Peter turns to Jesus and says, “Master, it is good for us to be here; let us make three dwellings, one for you, one for Moses, and one for Elijah.” Peter does what most of us would do. He says to those who are with him, “Let’s find a way to preserve this. Let’s take this great thing that has happened once and see if we can make it last. Let’s build a monument so that others can see it just as we have.” This is what we’ve always tried to do with pictures and souvenirs, phone calls and postcards.

And those things help, but there’s always something missing. It’s just so hard to get someone else to experience things just the way we do. Which is why the most revealing part of the story is what comes next: “A cloud came and overshadowed them; and they were terrified as they entered the cloud. Then from the cloud came a voice that said, ‘This is my Son, my Chosen; listen to him!’”

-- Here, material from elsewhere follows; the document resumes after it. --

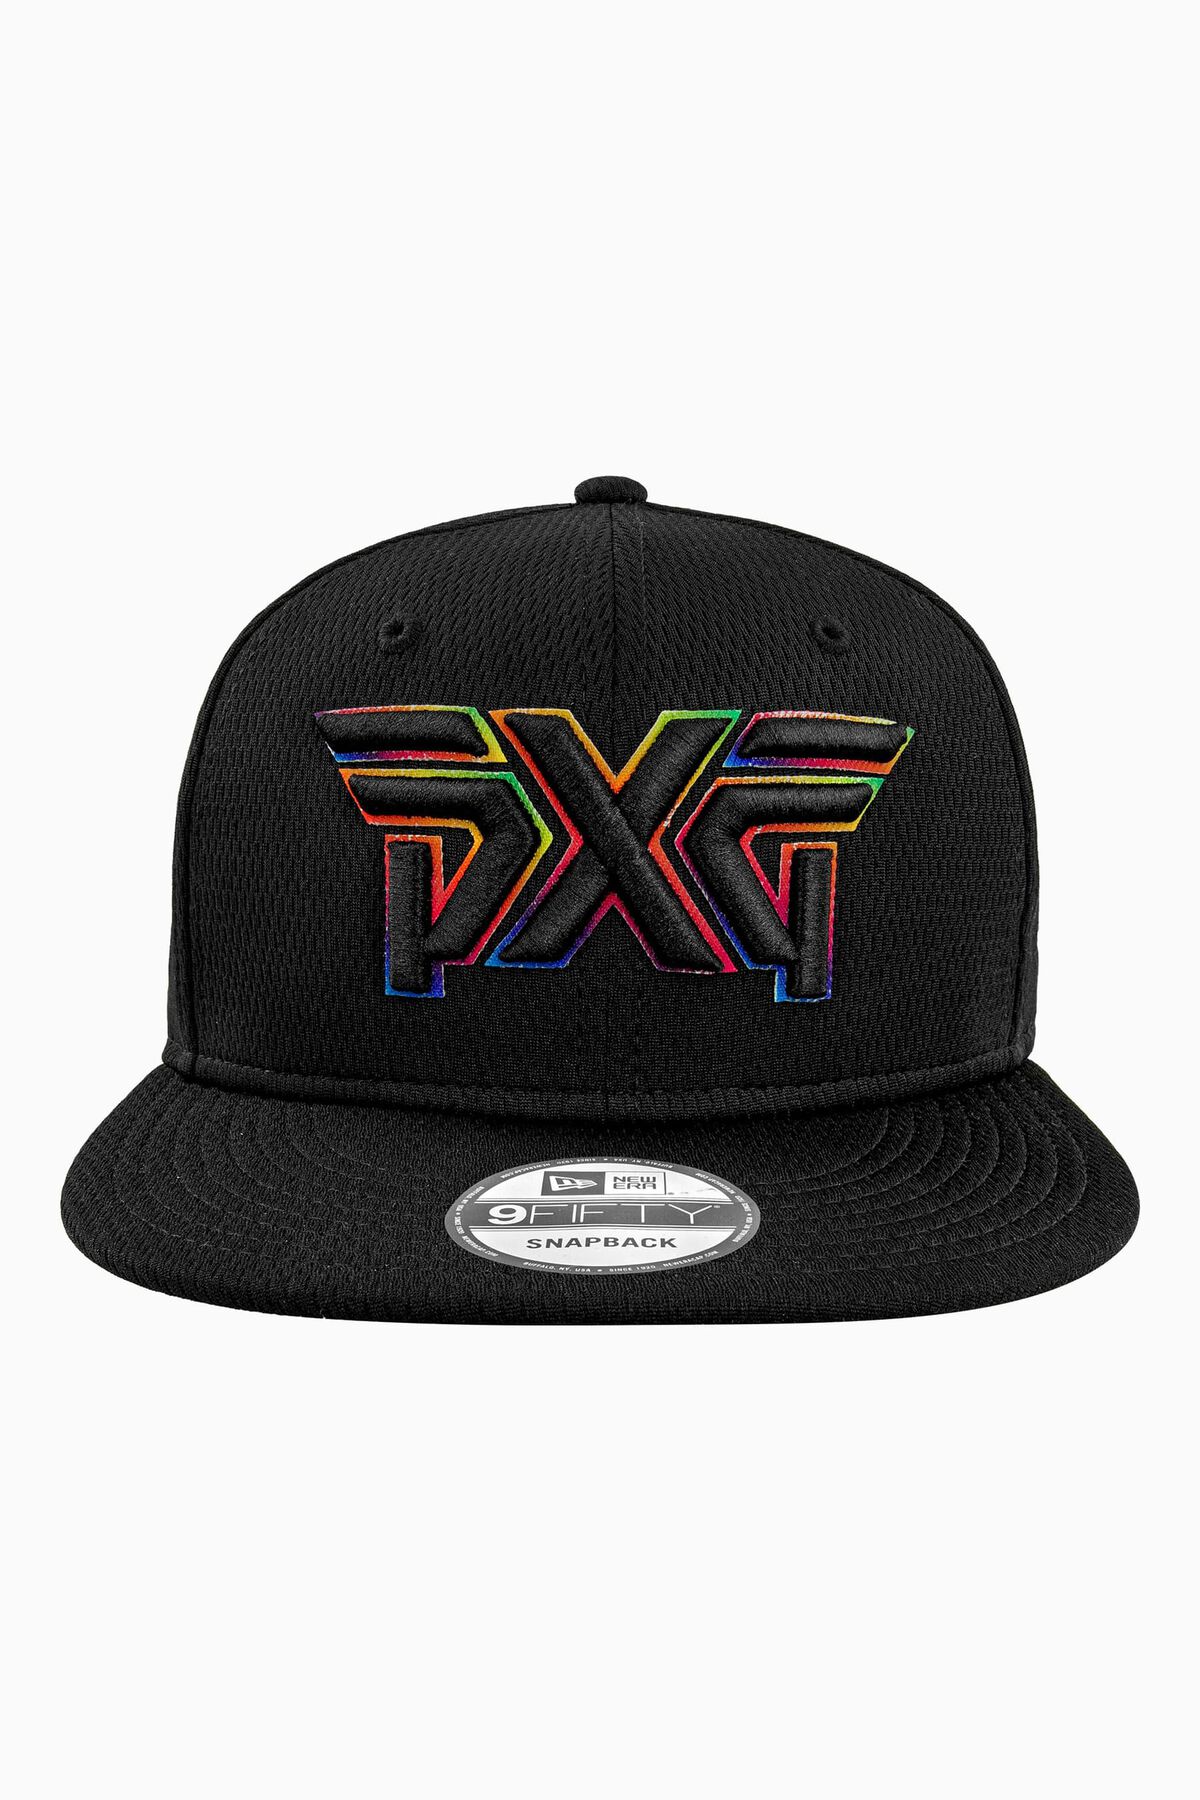 Pride Outline 9FIFTY Snapback

Pay close attention to the story here. It is no coincidence that when God says, “Listen to him,” Jesus hasn’t just said something, nor does he follow it up by saying something. The message is that Jesus has been saying things all along, and it’s time to listen. The transfiguration is not about something that happened one day up on the mountaintop but about what is going on every day down below. We may not be able to share the mountaintop experience. But we can share ourselves every day. And we can listen to each other every day.

It is a strange fact of being human that many of us come to church on Sunday hoping for something of what Peter, James, and John experienced on that mountaintop, even though we have no idea what it was that they saw. We want that extraordinary, out-of-body, mountaintop experience they had, and in longing for it, we may miss the important fact that if we listen to what Jesus has to say in the ordinary times, our perspective about what happens down here on the ground could change very much.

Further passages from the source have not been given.